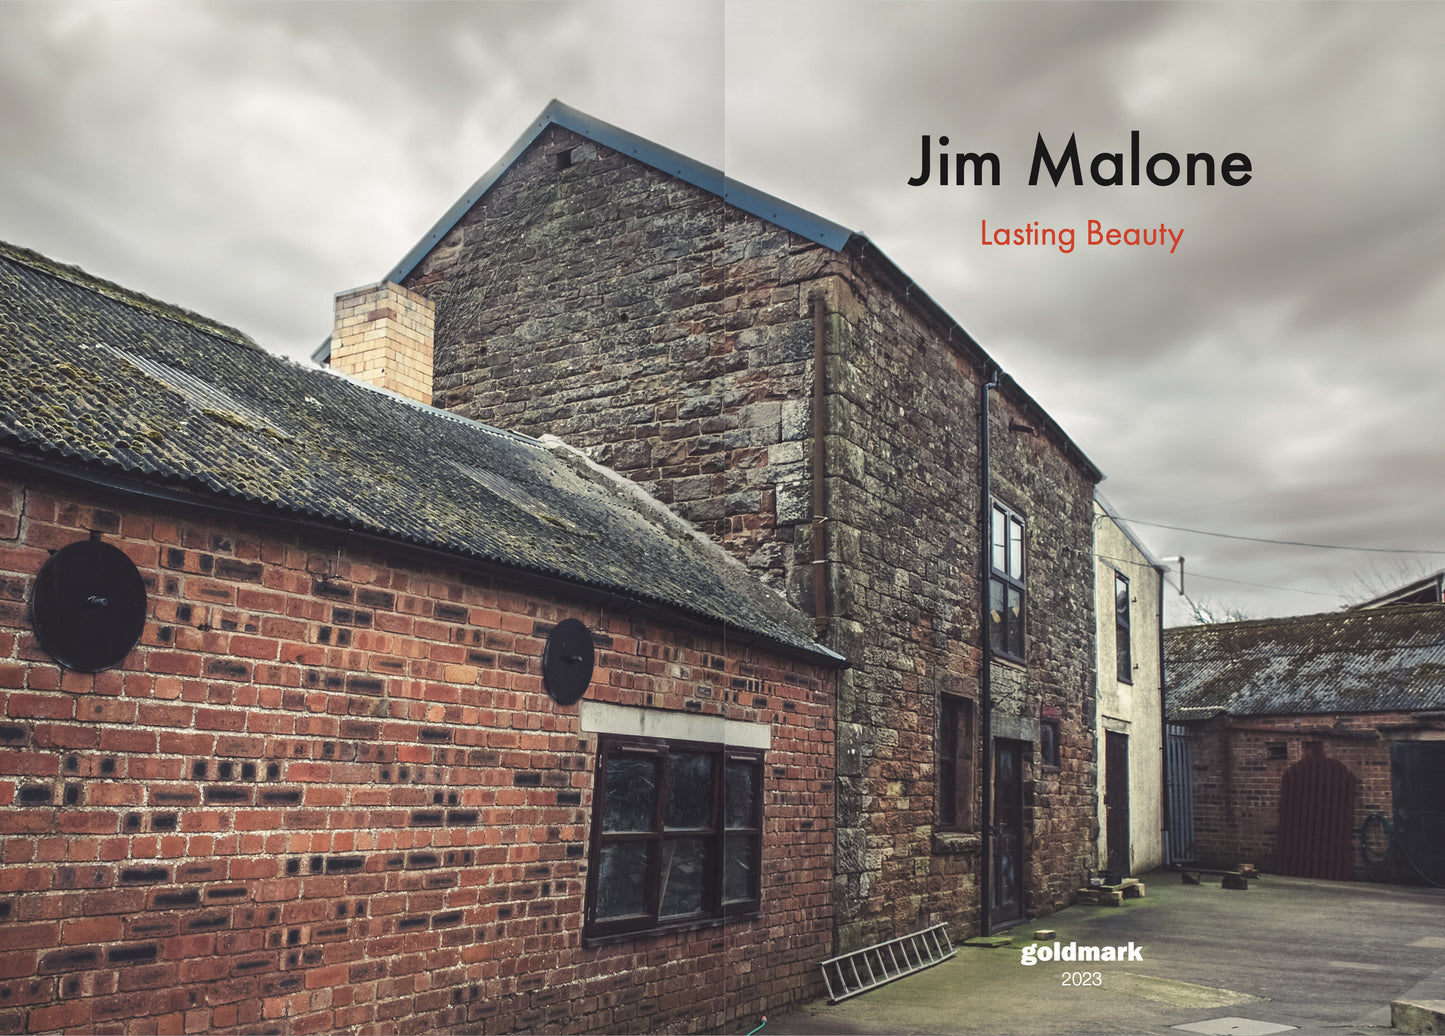 Jim Malone - Lasting Beauty
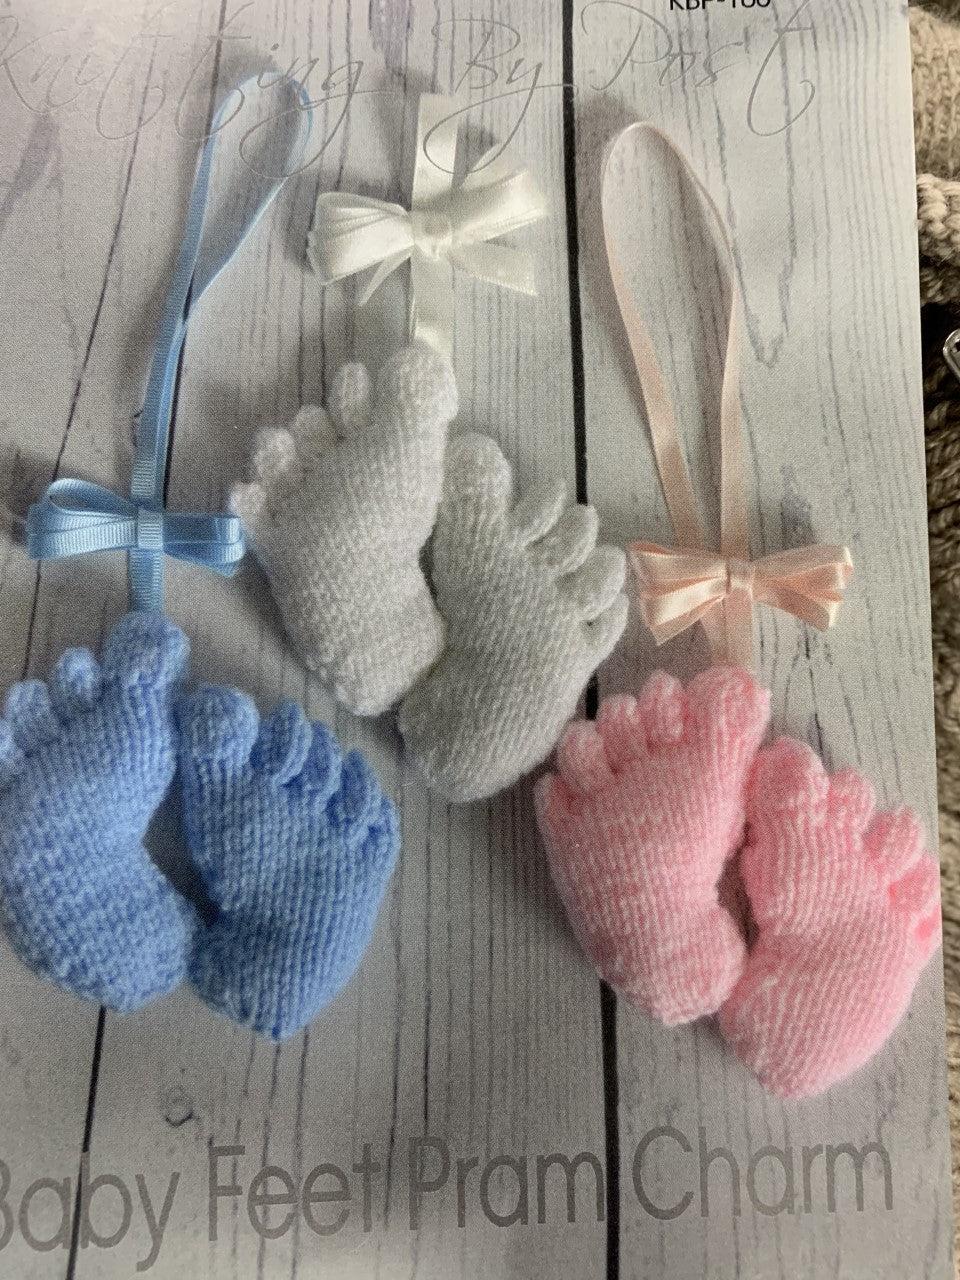 160 KBP-160 Baby Feet Pram Charm/soft toy in dk knitting pattern
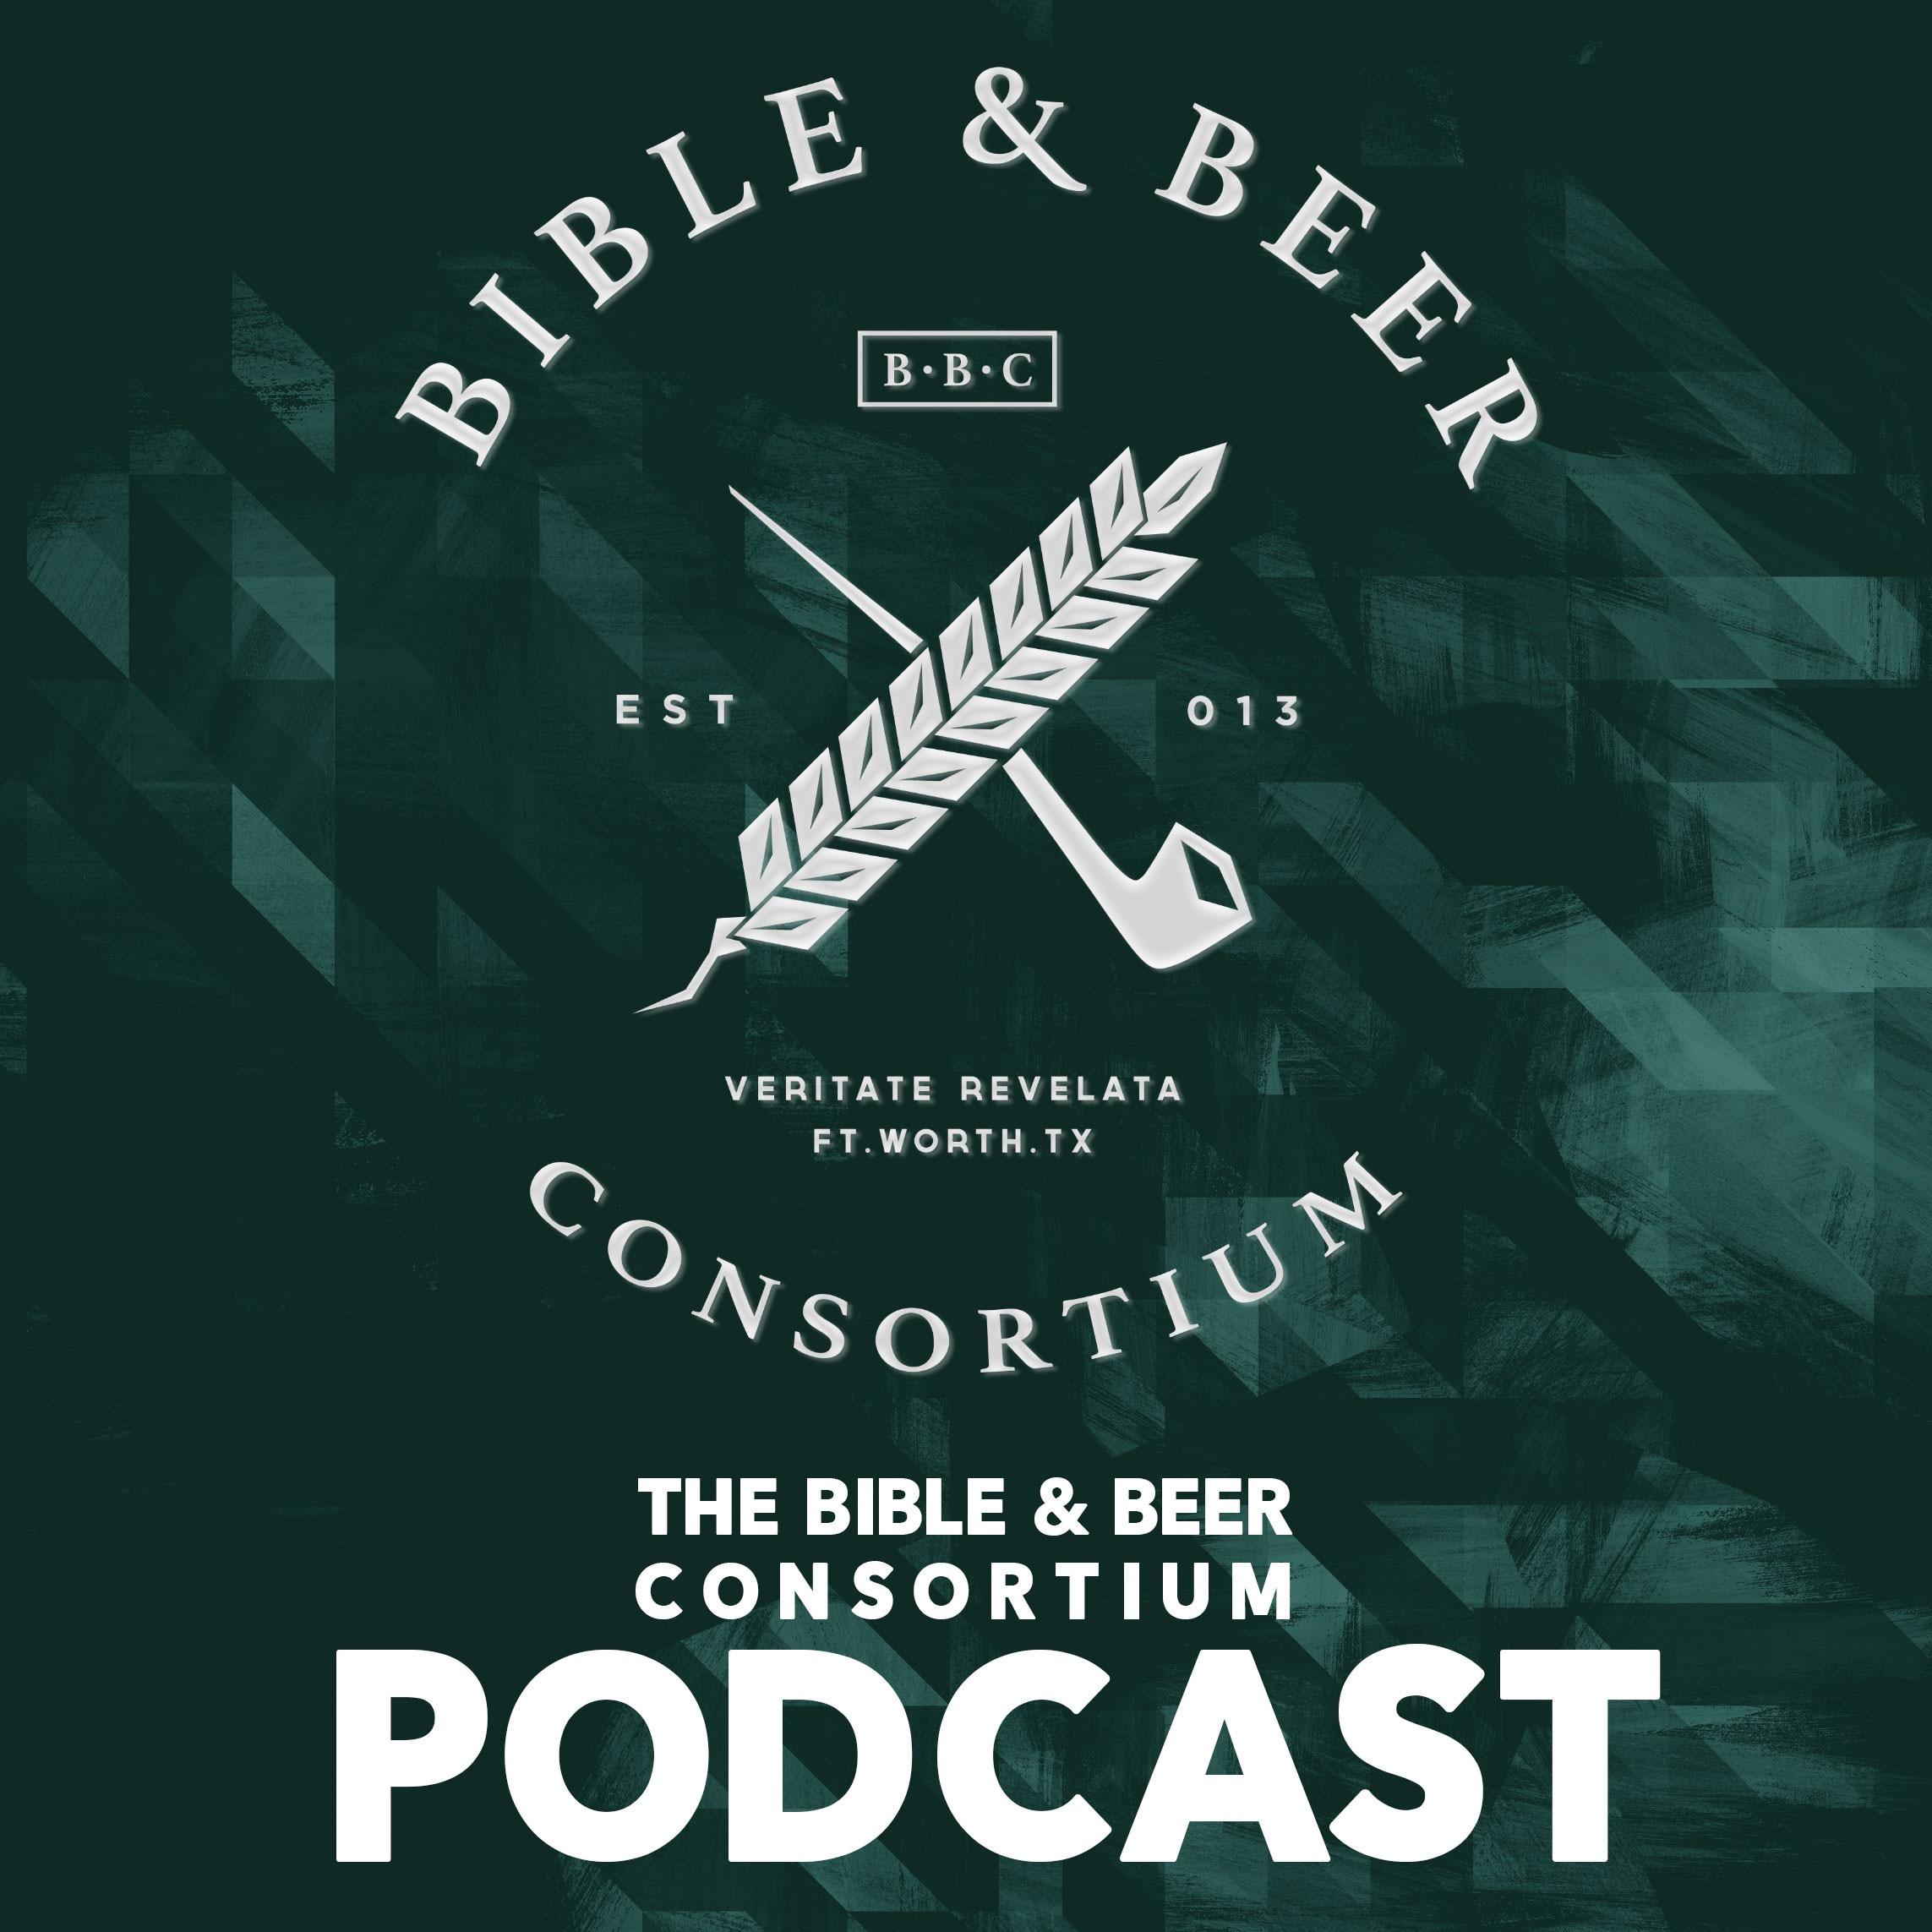 The Bible & Beer Consortium
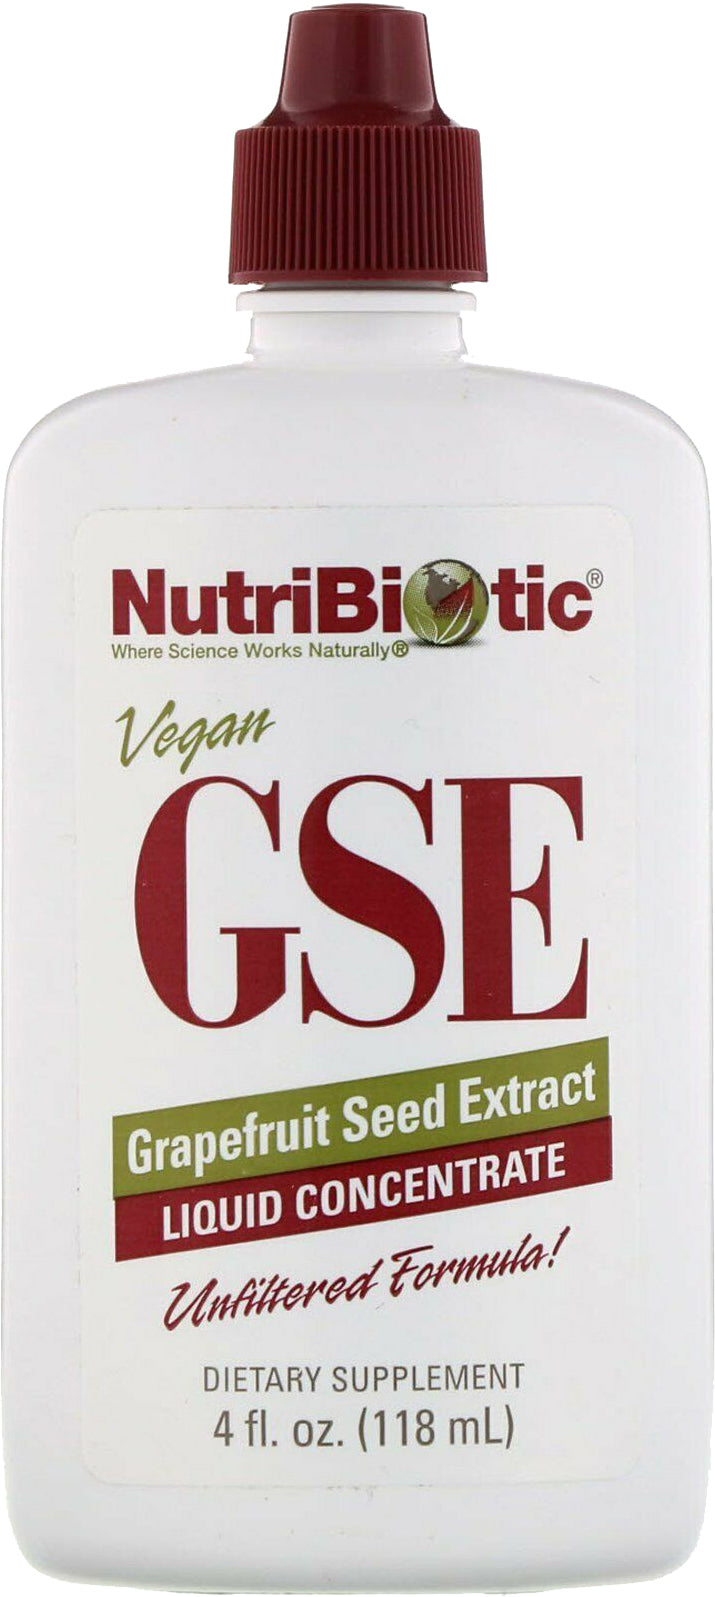 Vegan GSE Grapefruit Seed Extract Liquid Concentrate, 4 Fl Oz (118 mL) Liquid
*-*-*
→ **Assigned task**:
Your task is to repeat the listing exactly while omitting its pictures.

→ **Task answer**:
 Jim Malone - Lasting Beauty
 160 KBP-160 Baby Feet Pram Charm/soft toy in dk knitting pattern
 The Bible & Beer Consortium
 Vegan GSE Grapefruit Seed Extract Liquid Concentrate, 4 Fl Oz (118 mL) Liquid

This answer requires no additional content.